Кабби уже встал, чтобы проводить их, когда послышался подозрительный хруст. Барнаби решил было, что это шалят старческие суставы, но потом обнаружил, что его сержант, сморщившись от боли, потирает челюсть.
Перед уходом старший инспектор обернулся и только теперь заметил висевшую на стене за его спиной большую фотографию, тонированную сепией. За всю свою жизнь подобных созданий он видел мало. Это была девушка лет восемнадцати. Нежная улыбка, совершенные черты. Облако темных кудрей, перехваченных ниткой жемчуга. Огромные мечтательные глаза. Стройная шейка поднималась из тюлевых волн, сколотых тут и там цветками гардении. Маленькие точеные ручки сложены на груди… Портрет окружало несколько театральных афиш.
Между небесным созданием и сморщенной старой леди в глубоком кресле уже не угадывалось никакого, даже отдаленного сходства. И тем не менее Барнаби сразу понял, что это одно лицо. И он задумался, как может миссис Молфри каждый день испытывать себя таким нелестным сравнением.
— Вы, конечно, знаете, кто она? — робко спросил Кабби, когда они снова оказались на дорожке из старого кирпича.
— Боюсь, что нет.
— Элси Романо. — Заметив, что Барнаби по-прежнему в недоумении, объяснил: — Звезда эдвардианского[37] театра. Одна из красивейших женщин своей эпохи…
Замыкавший шествие Трой подмигнул сам себе и покрутил пальцем у виска.
— Любимица «Иви» и «Трокадеро»[38]. И кафе «Англетер». Когда они с Джеком танцевали там после представления, люди забирались на банкетки и даже на столы, чтобы хоть одним глазком взглянуть на нее.
— В самом деле, мистер Доулиш? — только и мог сказать Барнаби, рожденный в 1941 году, через три года после того, как разбомбили кафе «Англетер»[39].
— Теперь вы понимаете, насколько мне повезло. Я простой человек, никогда нигде не был, ничего особенного в жизни не совершил. И вот, практически в конце жизненного пути, я удостоен чести быть рядом… Имею возможность заботиться об этой прелестной… этой восхитительной… — Кабби, вконец растрогавшись, прижал красно-белый платок к мокрым от слез глазам.
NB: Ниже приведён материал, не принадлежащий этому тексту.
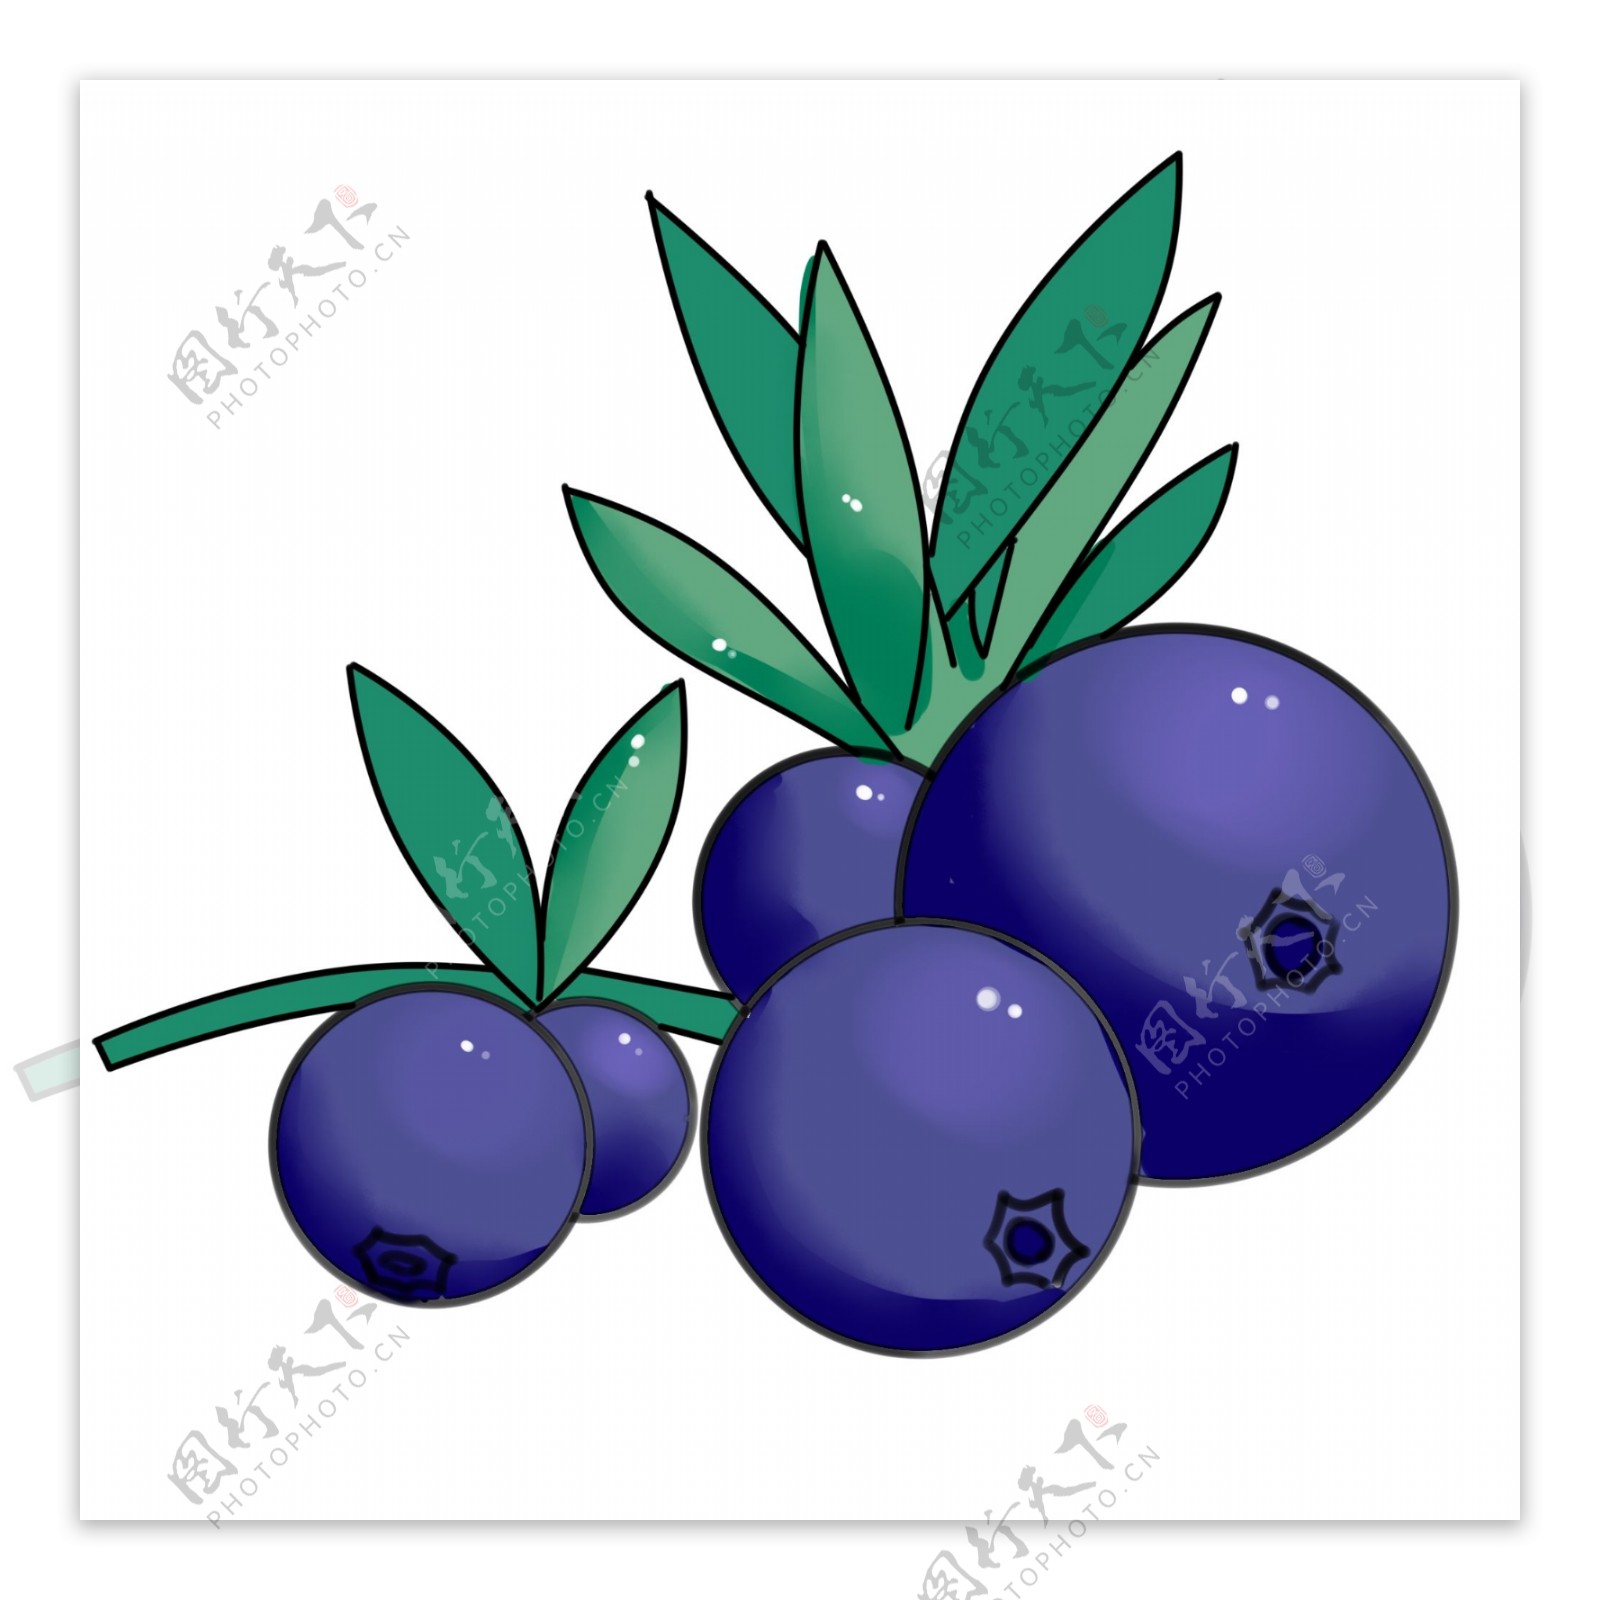 一串新鲜采摘的蓝莓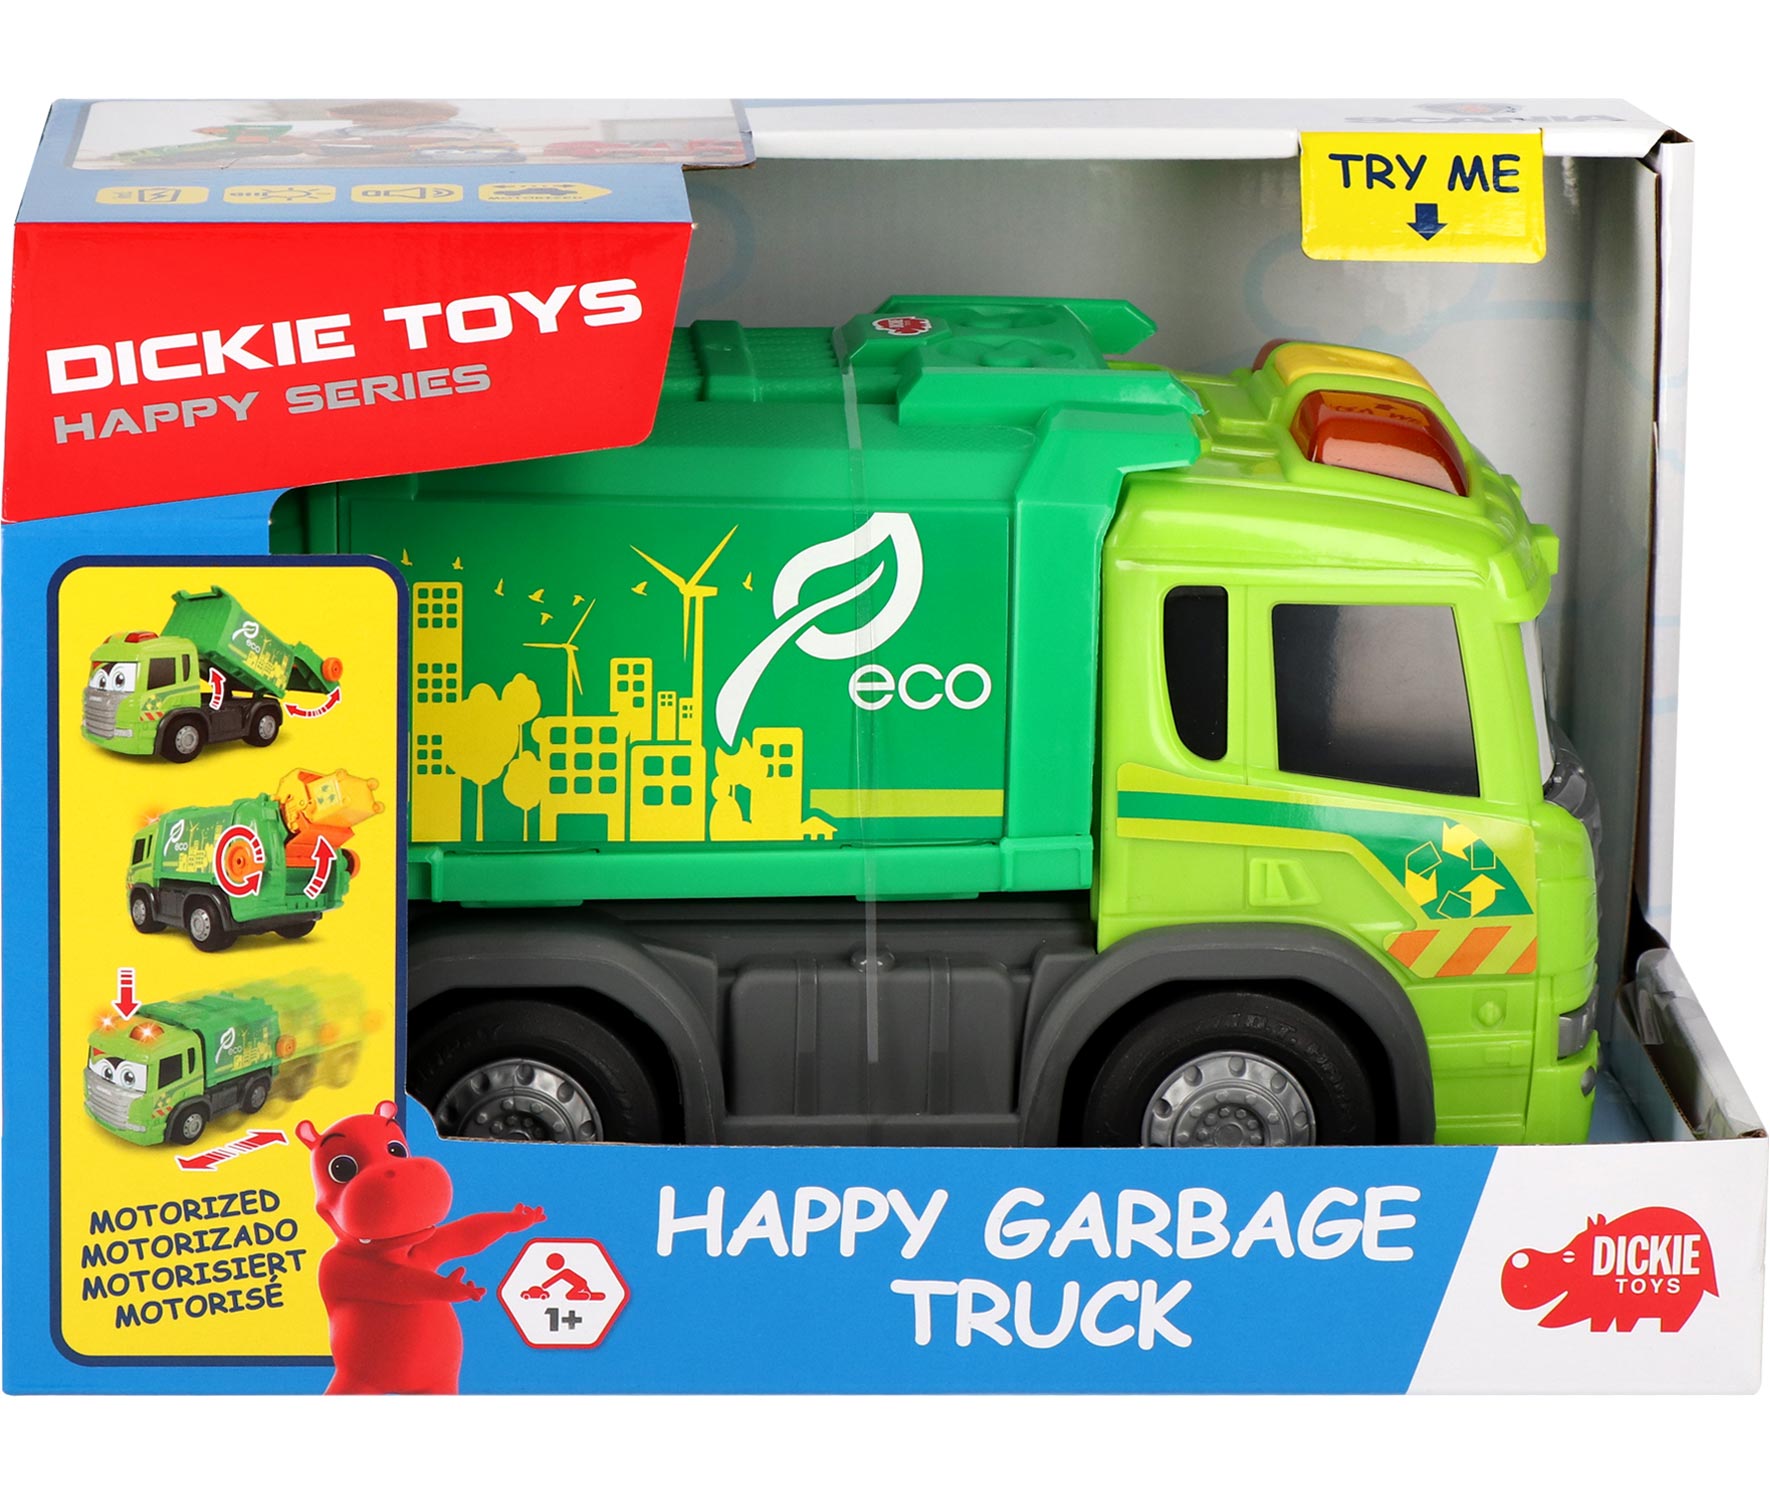 Müllwagen Auto Müllauto Müllabfuhr Dickie Toys Garbage Truck Spielzeug

Трой, отвернув лицо, проскользнул мимо, чтобы открыть калитку. Плечи его тряслись от смеха.
— Уверен, в более подходящее время Элфрида обязательно показала бы вам свою фотографию с Джеком на ступенях театра «Гейети».
— А этот Джек — он ее муж?
— Господи боже, нет, конечно! — воскликнул Кабби, из вежливости пытаясь скрыть изумление от подобного невежества. — Это Джек Бьюкенен[40].
Следующим у Барнаби был намечен визит к Брокли. И не столько ради того, чтобы узнать, вернулась ли Бренда, сколько потому, что они были другими ближайшими соседями Холлингсвортов в переулке Святого Чеда и благодаря расположению своего дома могли засвидетельствовать правдивость слов Кабби Доулиша. Брокли, которые не спали той ночью и, вне всякого сомнения, высматривали сигнальные огни дочкиной машины, могли даже что-то добавить к его свидетельству.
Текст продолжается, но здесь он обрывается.